The block chain is a novel application mode of computer technologies such as distributed data storage, point-to-point transmission, a consensus mechanism, an encryption algorithm and the like. A block chain (Blockchain), which is essentially a decentralized database, is a series of data blocks associated by using a cryptographic method, and each data block contains information of a batch of network transactions, so as to verify the validity (anti-counterfeiting) of the information and generate a next block. The blockchain may include a blockchain underlying platform, a platform product service layer, an application service layer, and the like.
It is clear to those skilled in the art that, for convenience and brevity of description, the specific working processes of the above-described systems, apparatuses and units may refer to the corresponding processes in the foregoing method embodiments, and are not described herein again.

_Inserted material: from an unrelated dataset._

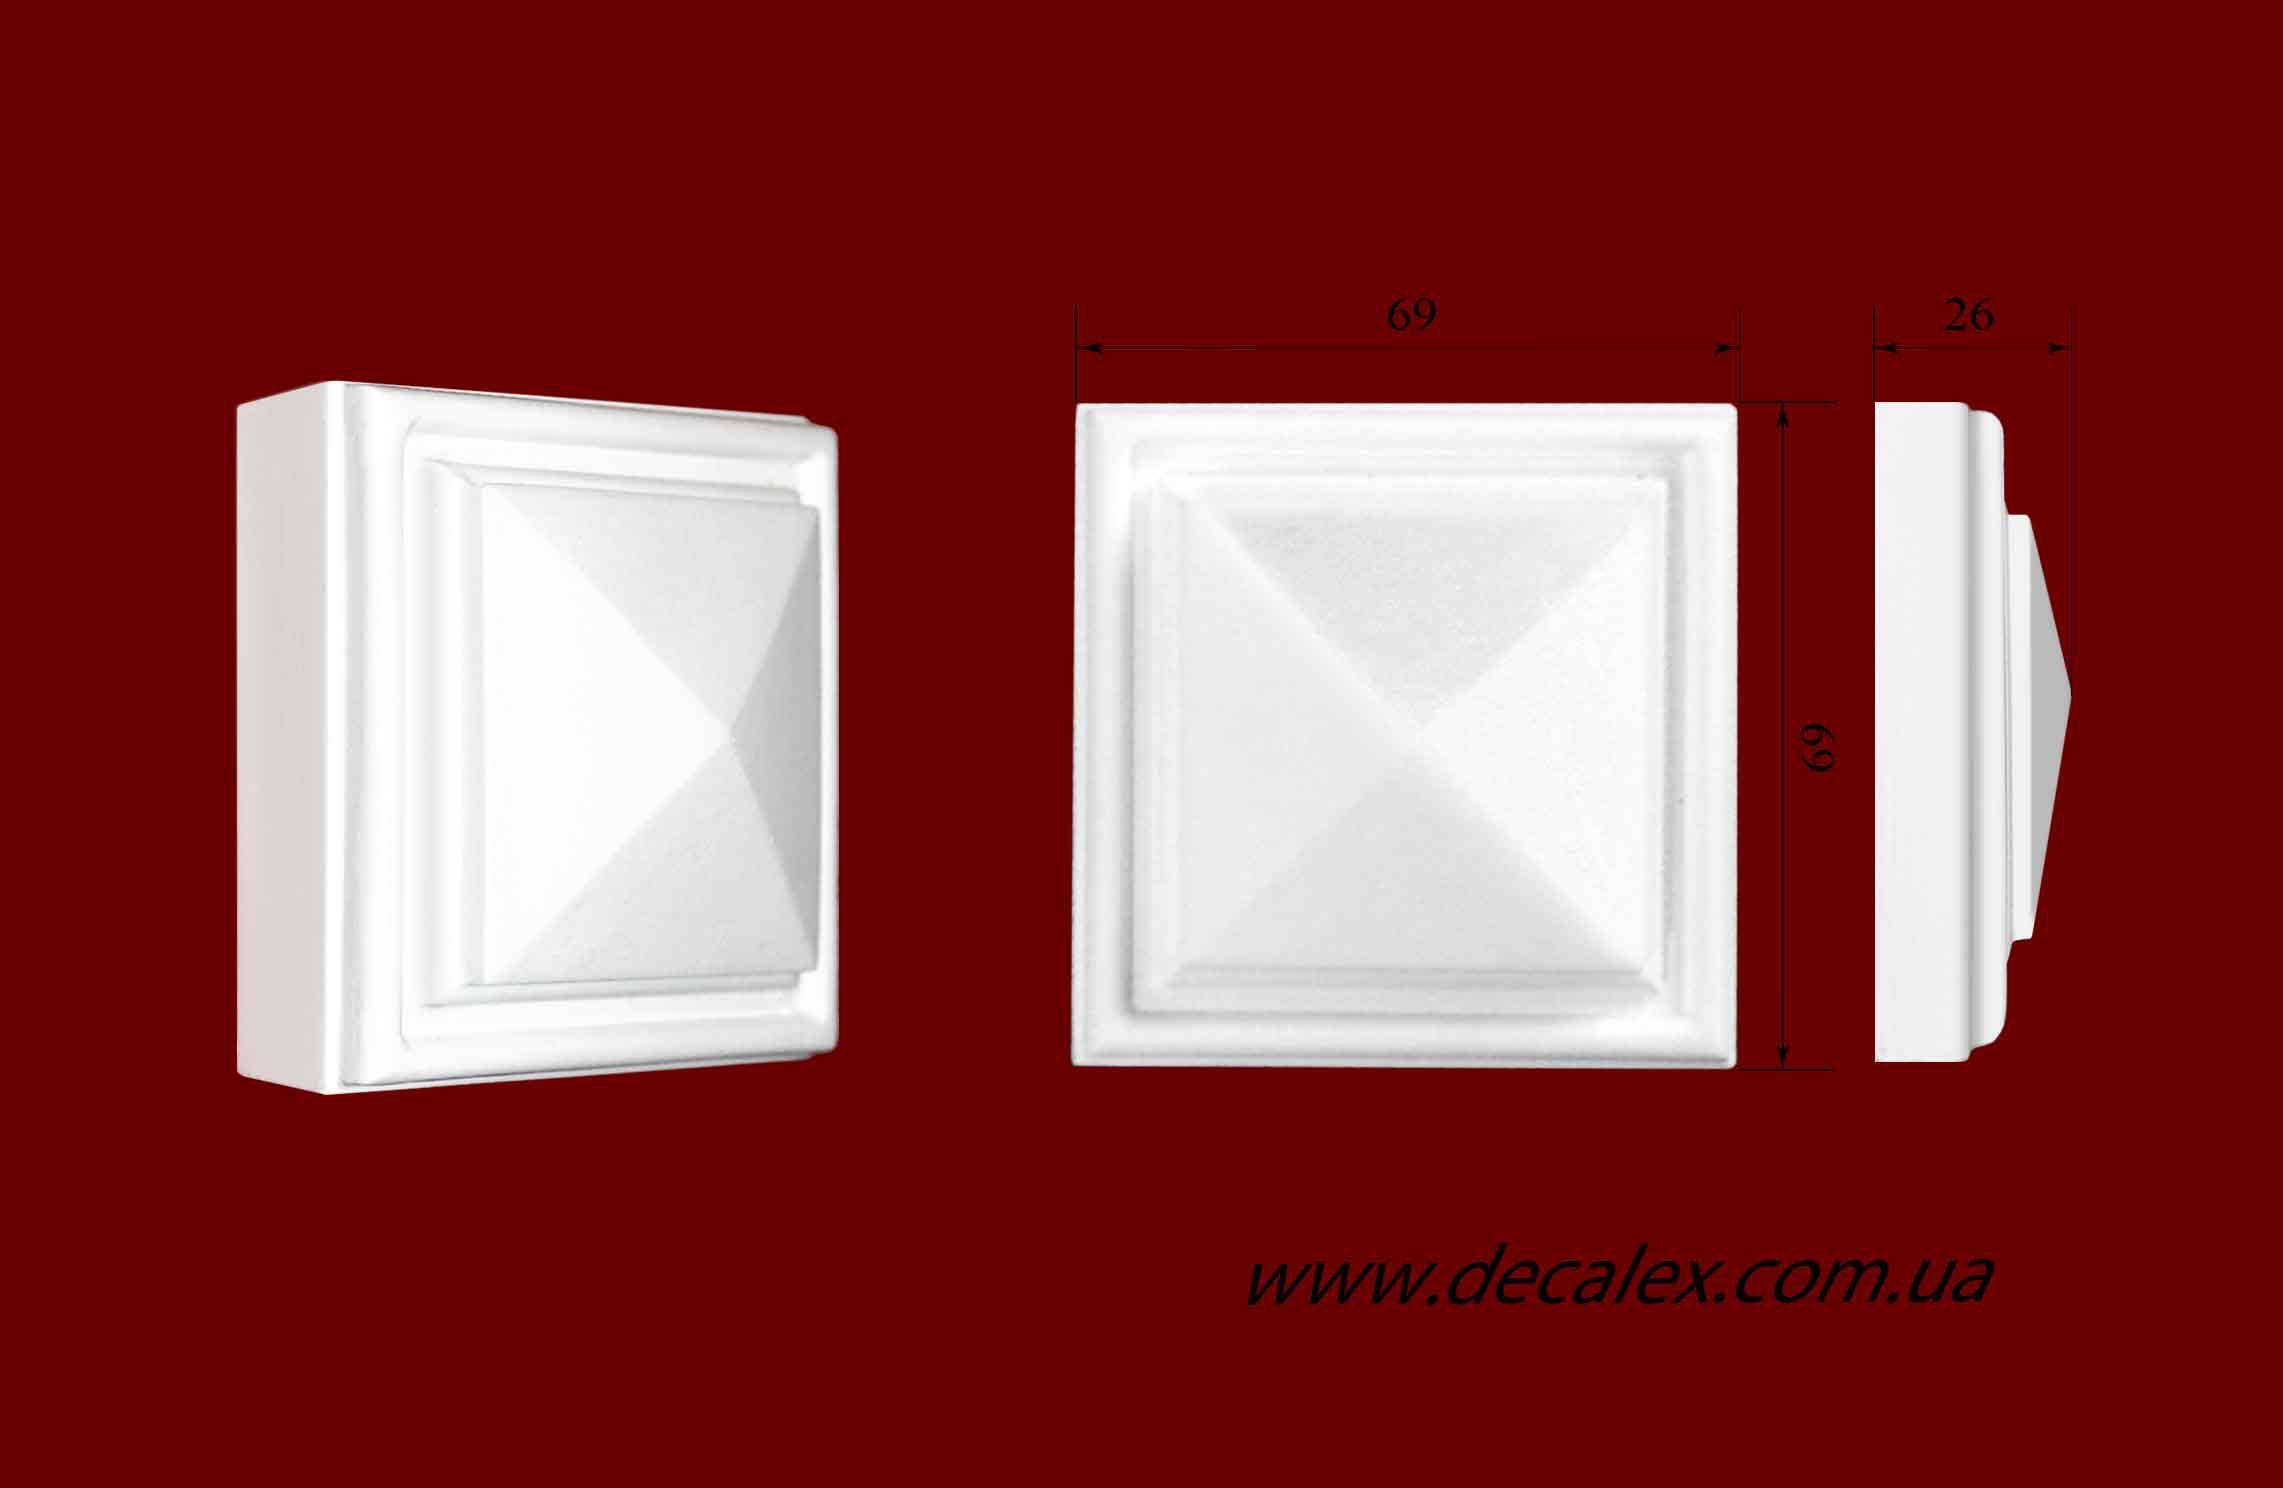 Код товара КВ0012.  Элемент оформления дверных проемов: квадратная вставка из гипса. Розничная цена 45 грн./шт.

The integrated unit, if implemented in the form of a software functional unit and sold or used as a stand-alone product, may be stored in a computer readable storage medium. Based on such understanding, the technical solution of the present invention may be embodied in the form of a software product, which is stored in a storage medium and includes instructions for causing a computer device (which may be a personal computer, a server, or a network device) to execute all or part of the steps of the method according to the embodiments of the present invention. And the aforementioned storage medium includes: various media capable of storing program codes, such as a usb disk, a removable hard disk, a read-only memory (ROM), a Random Access Memory (RAM), a magnetic disk, or an optical disk.

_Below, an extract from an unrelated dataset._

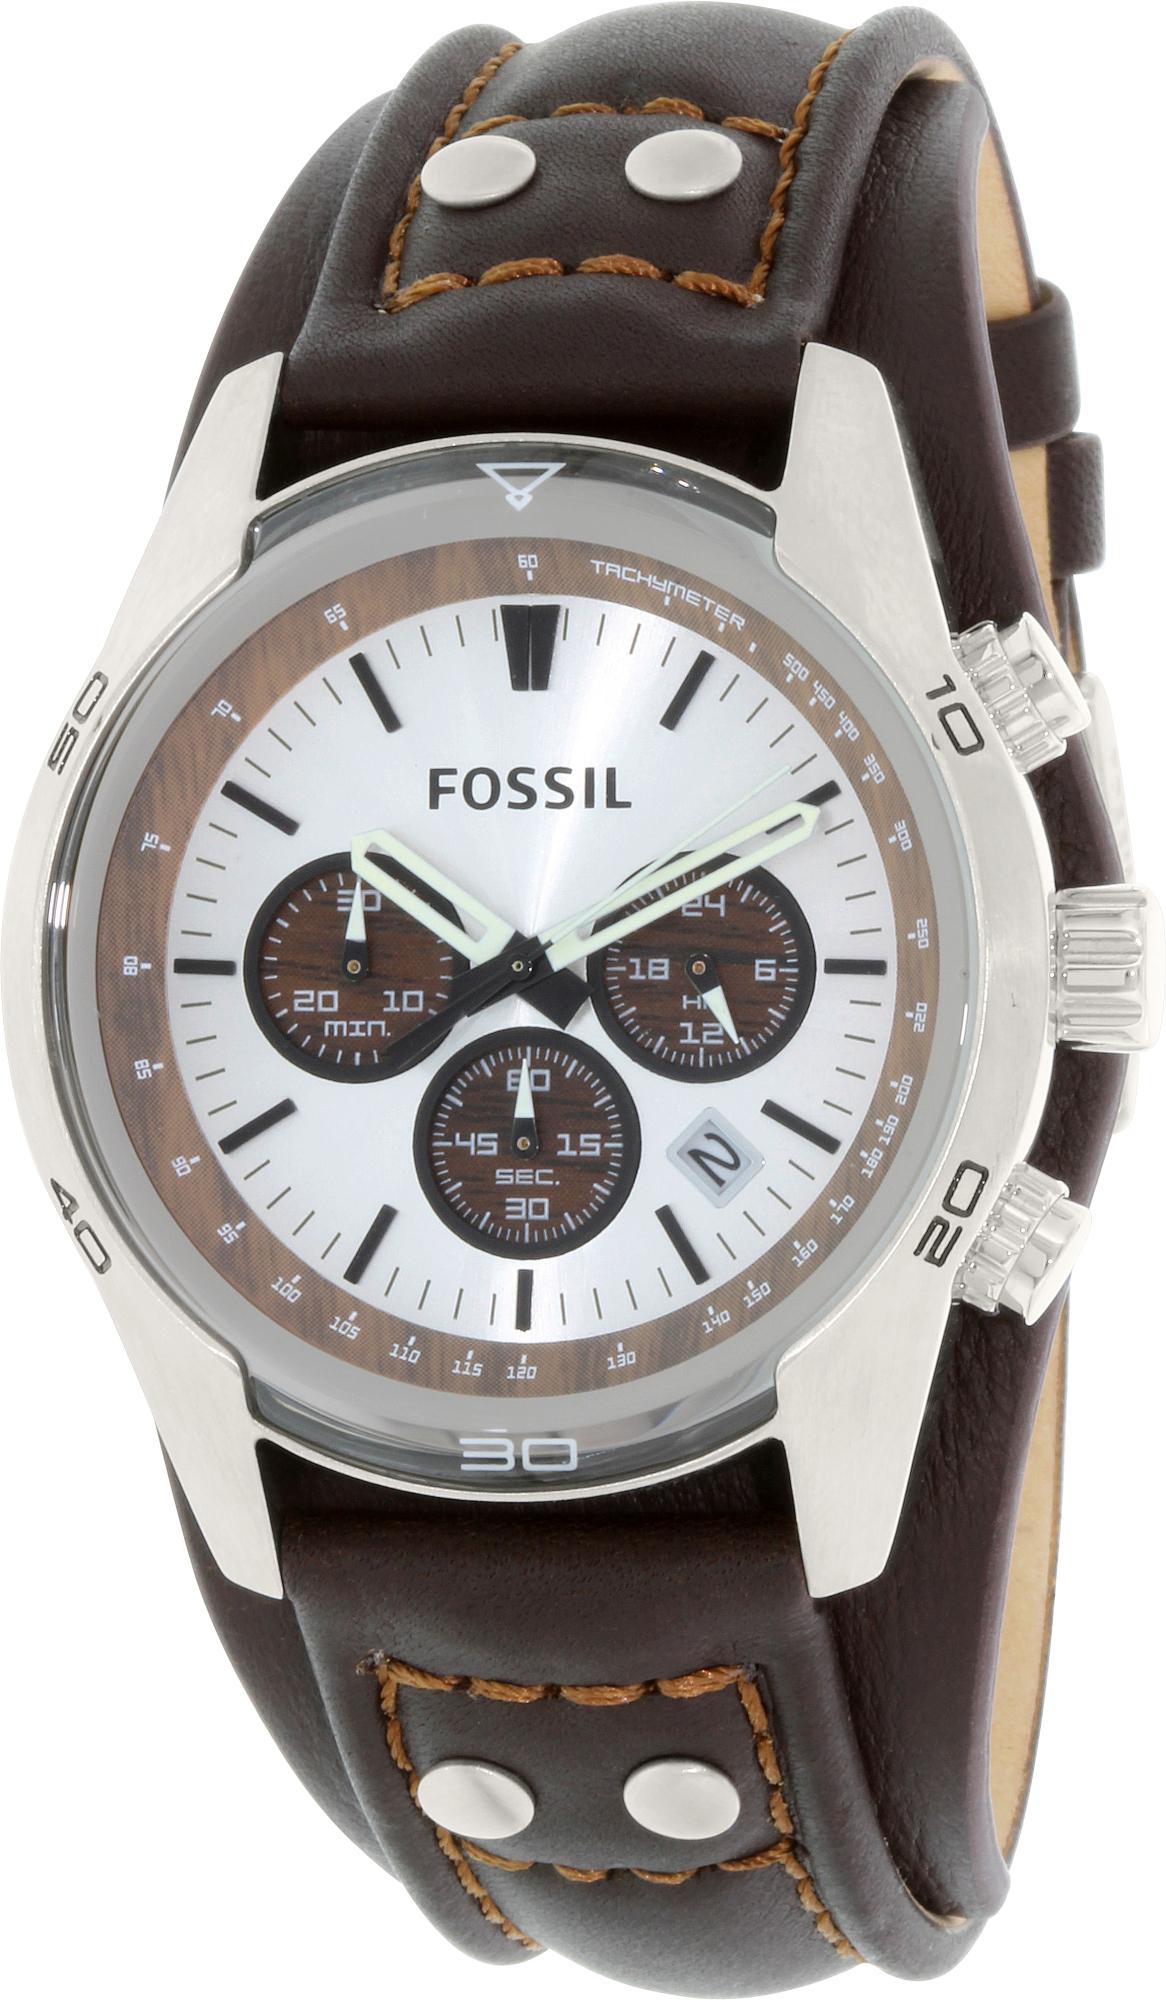 Fossil_Mens_Cuff_CH2565_Brown_Leather_Quartz_Fashion_Watch

The above-mentioned embodiments are only used for illustrating the technical solutions of the present invention, and not for limiting the same; although the present invention has been described in detail with reference to the foregoing embodiments, it will be understood by those of ordinary skill in the art that: the technical solutions described in the foregoing embodiments may still be modified, or some technical features may be equivalently replaced; and such modifications or substitutions do not depart from the spirit and scope of the corresponding technical solutions of the embodiments of the present invention.

Claims (10)

1. A client representation generation method, comprising:
collecting business card data of a bank client to be processed from a preset bank application program to obtain the business card data corresponding to the bank client to be processed, and extracting the data of the business card data to obtain content data and browsing data corresponding to the business card data;
standardizing the content data to obtain attribute data corresponding to the content data, and generating a customer attribute label corresponding to the bank customer to be processed according to the attribute data corresponding to the content data;
performing personal information authentication on the bank client to be processed and performing normalization processing on the browsing data to obtain access data corresponding to the browsing data;
inputting the access data into a preset customer portrait processing model for user label calculation to obtain a customer access label corresponding to the bank customer to be processed;
and determining a customer portrait corresponding to the bank customer to be processed according to the customer attribute label and the customer access label.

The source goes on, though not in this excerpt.